Task details
Begin at the line containing "New York infographic" in the records below, end at the line containing "Ducati Scrambler Café Racer nera", and retype each line in that span exactly. No other line and no image should appear.
:: Exercise material ::
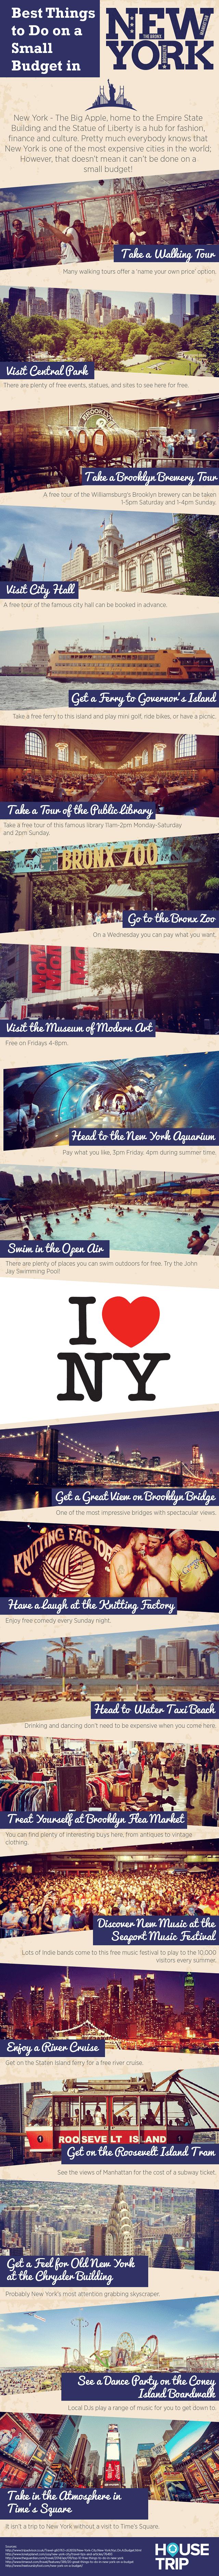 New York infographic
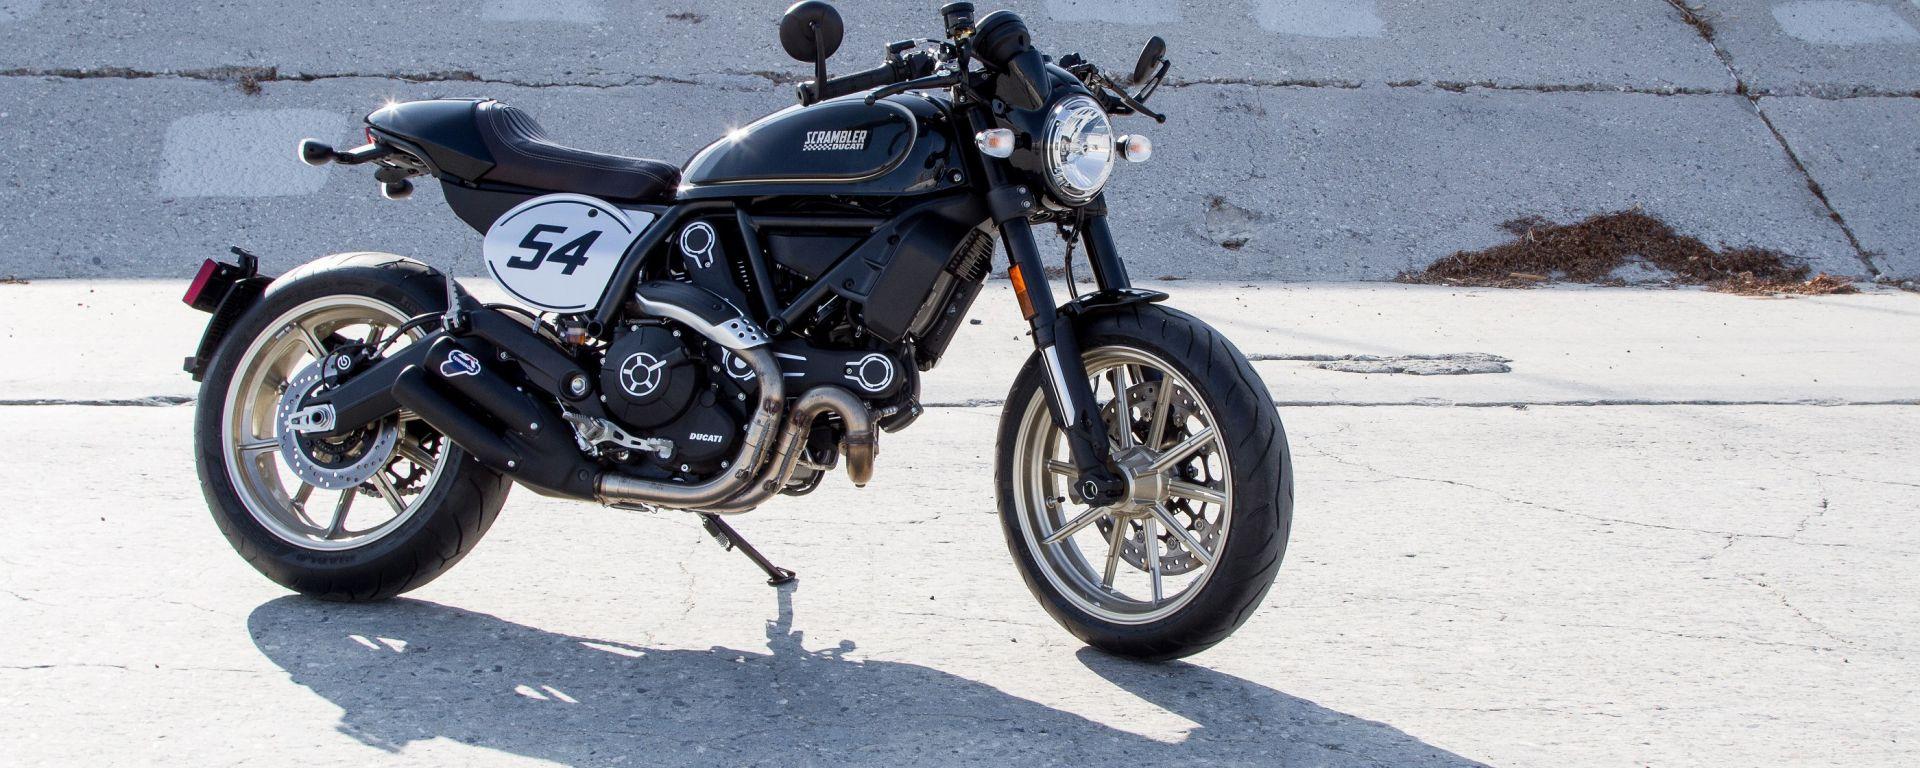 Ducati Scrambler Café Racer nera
:::
:: Exercise material ::
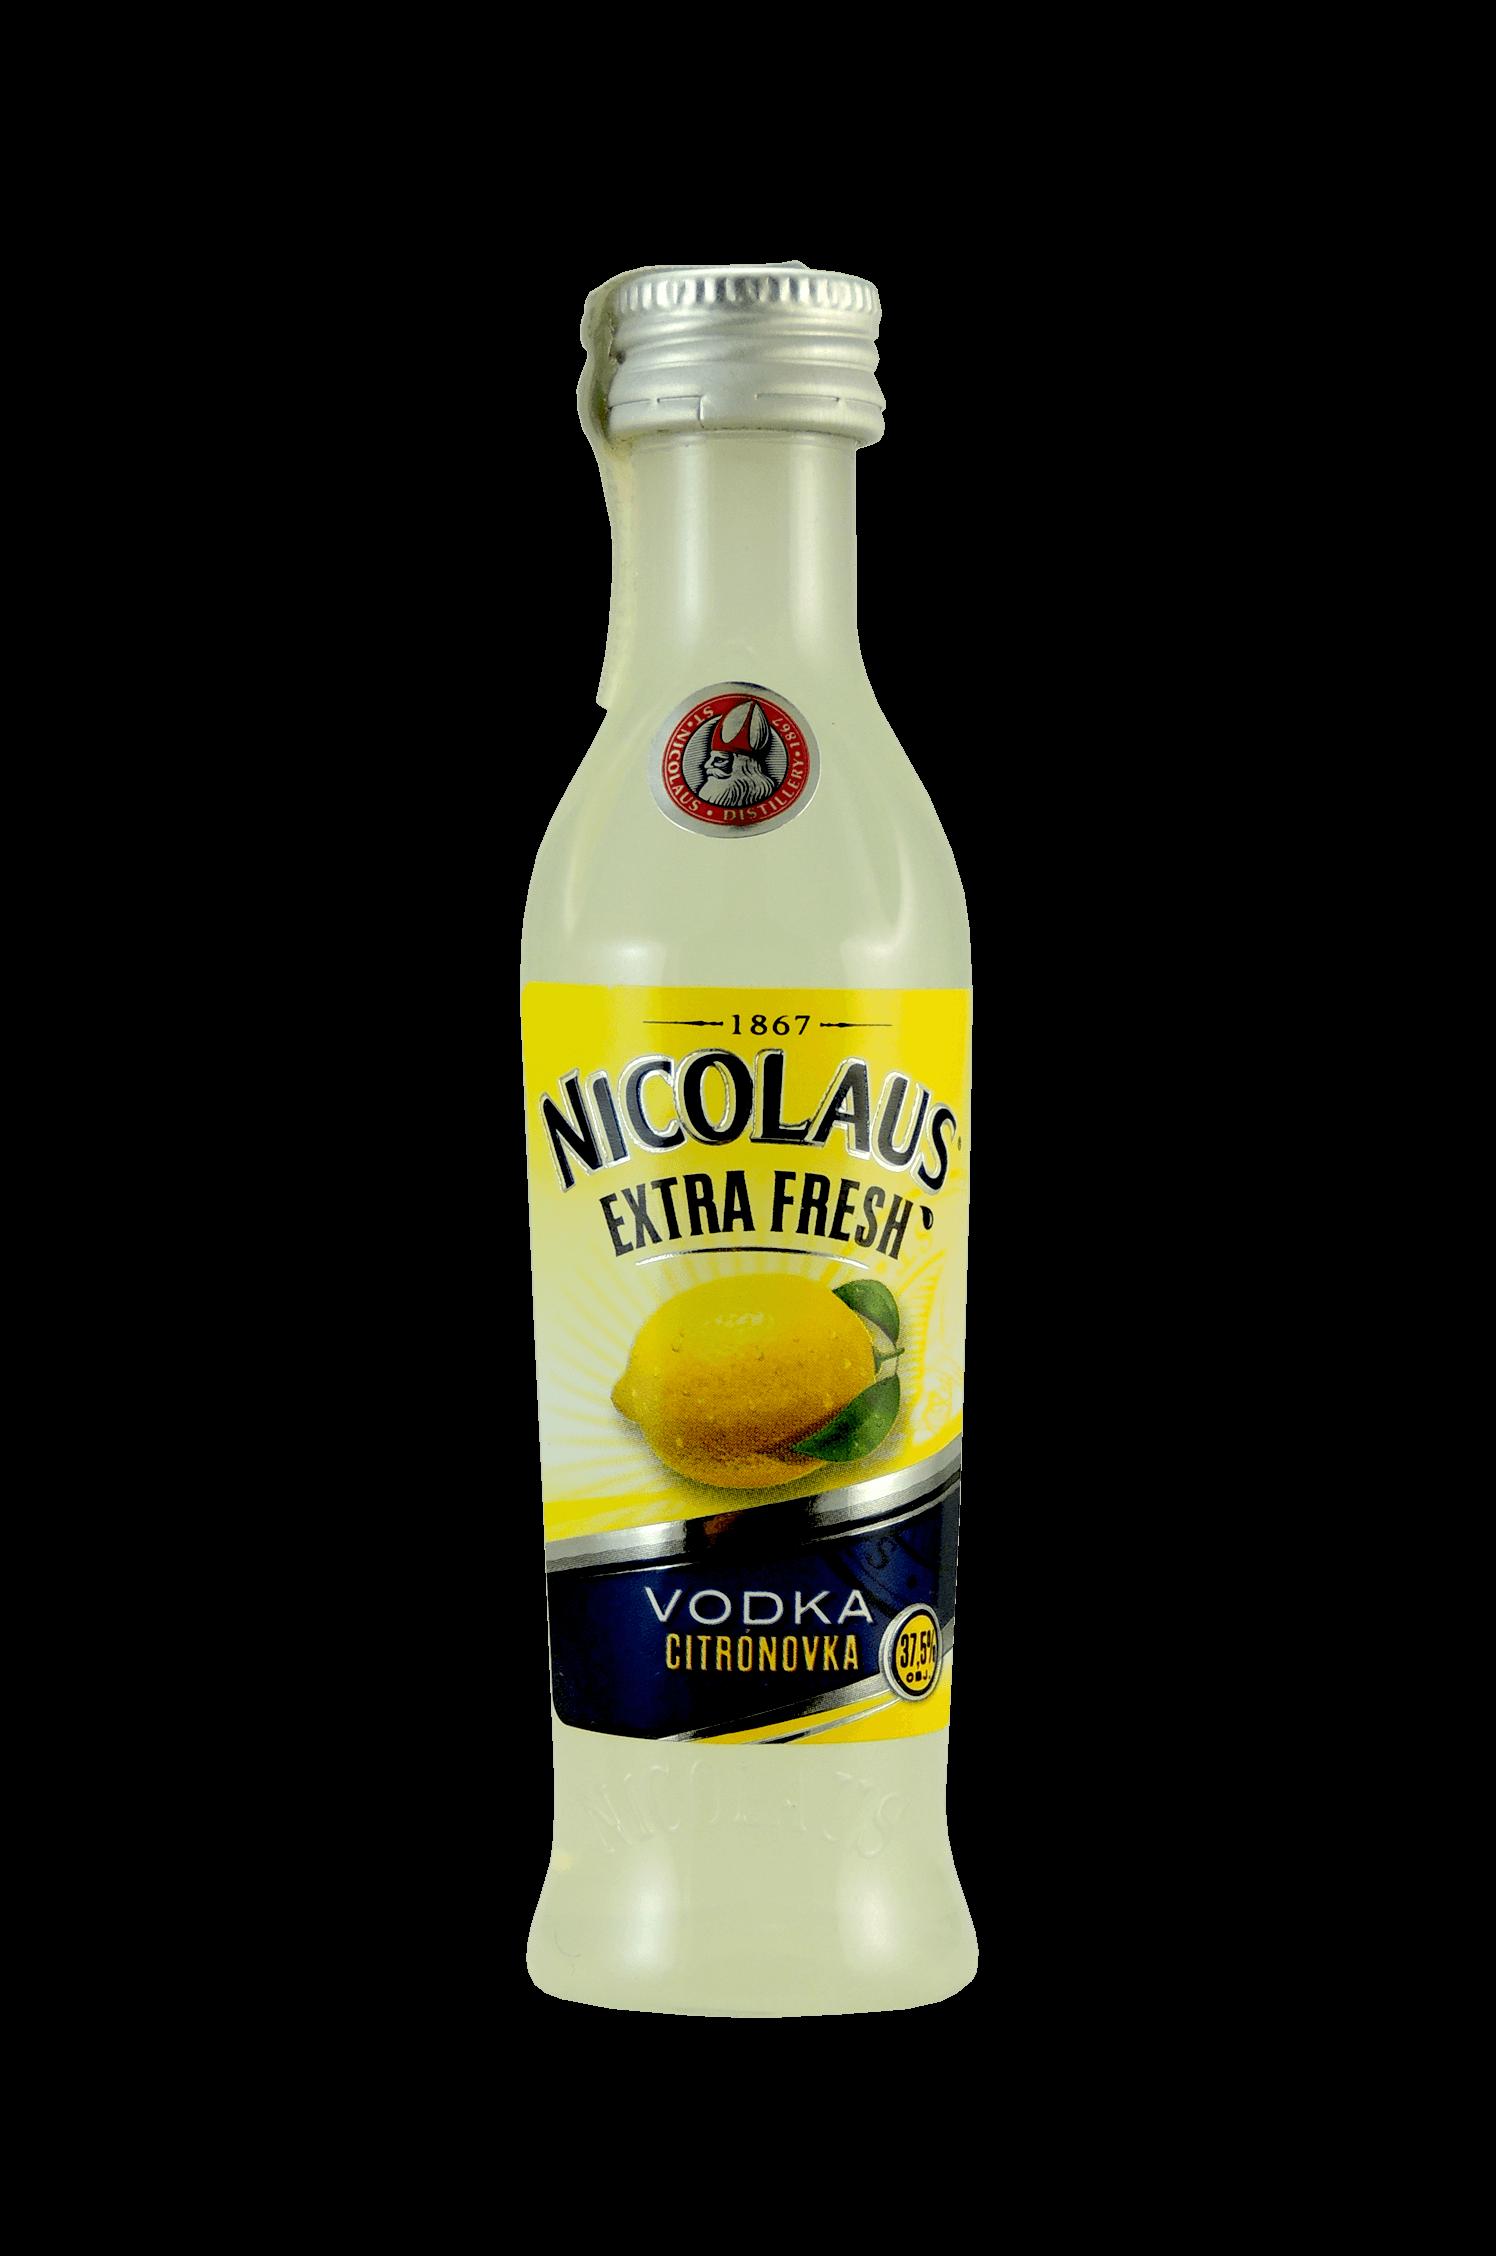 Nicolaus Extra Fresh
:::
Written answer
 New York infographic
 Ducati Scrambler Café Racer nera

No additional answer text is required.